Sex In Cinema

Sunday, August 7 by Carl Hose

Sex in cinema has been a topic of hot debate since the early days of Hollywood. Moralists have always objected to the amount of nudity and sexual content in films, which eventually led to the development of censorship boards and ratings systems to help control what can be depicted sexually in movies. These systems are in place today, though voluntary in most states. Despite these systems, cinema sex becomes more graphic each year, with some writers and directors pushing the boundaries. Moralists still object, but the fact remains—sex sells.

Early Censorship: The Catholic church and the Hays code brought about stringent censorship in the early days of film in the mid 1930s when the Catholi Legion of Decency led a crusade to regulate sex and violence in film. This led to the formation of the Hays code, which imposed fines on film studios that didn't comply with the regulations for decency in film. This new code forced filmmakers to find creative ways to get around code restrictions and led to the production of exploitation films such as "Sex Madness" in 1937, "The Birth of a Baby" in 1938, and "Child Bride" in 1938, which used the premise of warning against underage marriage to get the film past the stringent Hays Code. Many films of this nature were screened in theaters referred to as grindhouses (theaters normally reserved for burlesque).
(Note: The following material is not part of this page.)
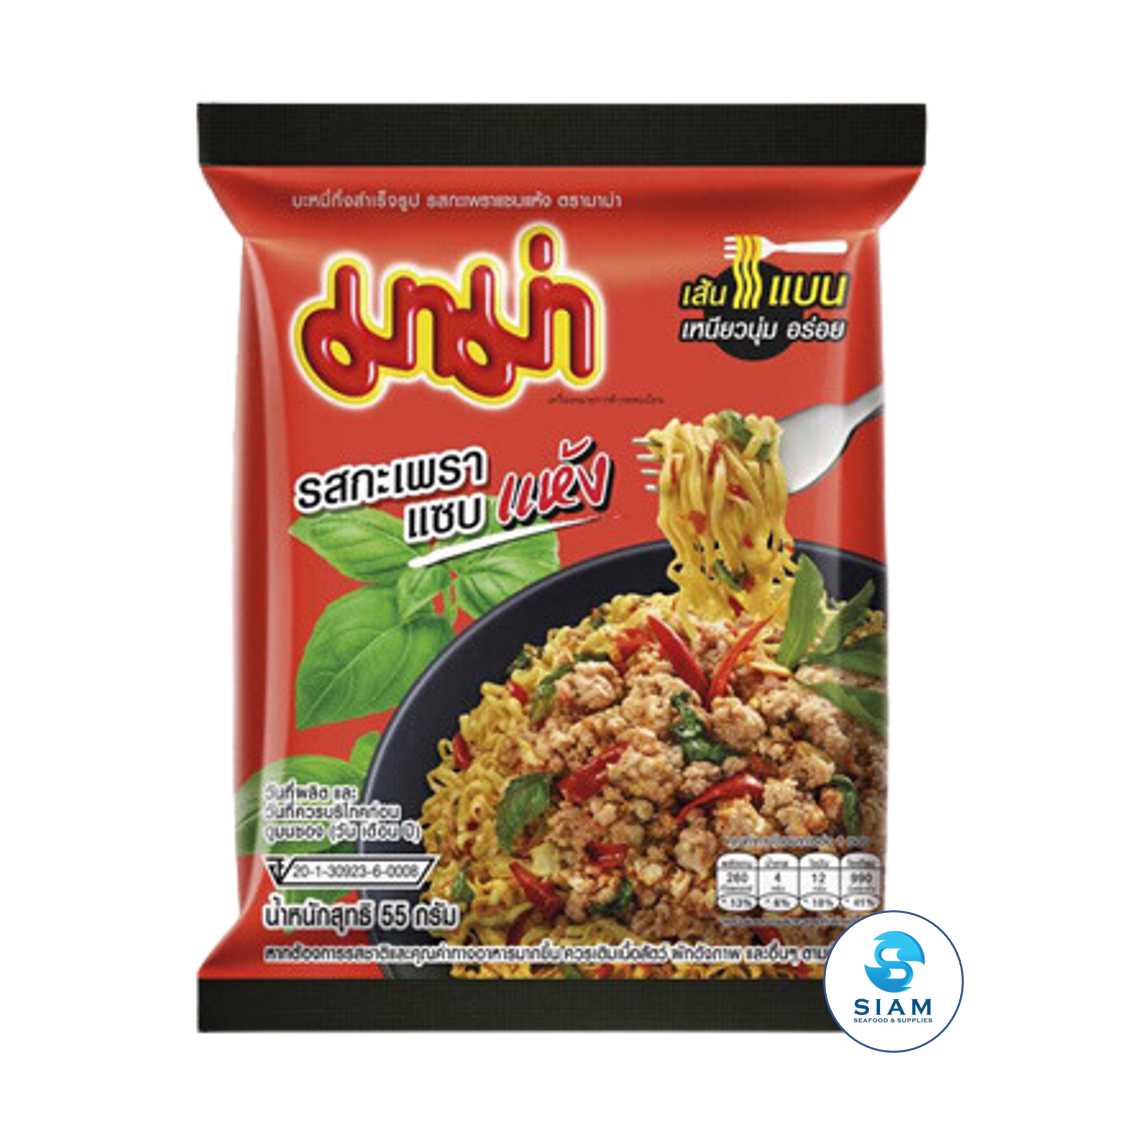 Instant Noodles Spicy Basil Stir-Fried Flavor - MaMa (6 Packs-Vol Wt 18 oz) ?????????????? ??????? ??shippable MaMa

Rebellion: In the early 1950s, burlesque stars began appearing in erotic films, including pin-up queen Bettie Page, who appeared in a burlesque trilogy ( "Striptease," "Varietease" and "Teaserama"), which was billed as a documentary to circumvent codes. In 1952, codes were relaxed to allow sexual material "when treated within the careful limits of good taste," though this still left room for much heated debate. The 1970s and '80s saw the rise of pornographic films that depicted graphic, no-holds barred sex, but these films, while targeted by moralists as well, have always worked outside mainstream filmmaking. Despite several court attempts to ban them, porno movies have continued to flourish.

Modern Ratings Systems: The Hays Code was abandoned by the motion picture film industry in 1968. With higher demand for graphic material in films, the industry began to integrate graphic sexual content, language and violence into more films. Film stars like Brigette Bardot, Raquel Welch and Marilyn Monroe made their careers on sensuality and sometime blatant sexuality. Shortly after the disposal of the Hays Code, the film industry imposed its own (voluntary) ratings system. The Motion Picture Association of America set ratings to be applied to films based on content and age restriction. Some of the ratings include G (general audience), PG (parental guidance) and R (restricted).

Modern Sex in Cinema: Sex in cinema is prevalent and graphic in today's films. Horror movies, art house films and even comedies often contain sexual content that borders on the graphic sexual content found in X-rated porn films. Nudity and sexuality in cinema has been thoroughly integrated into mainstream film and, while there are still moralistic objections, it appears that cinematic sex won't be going away.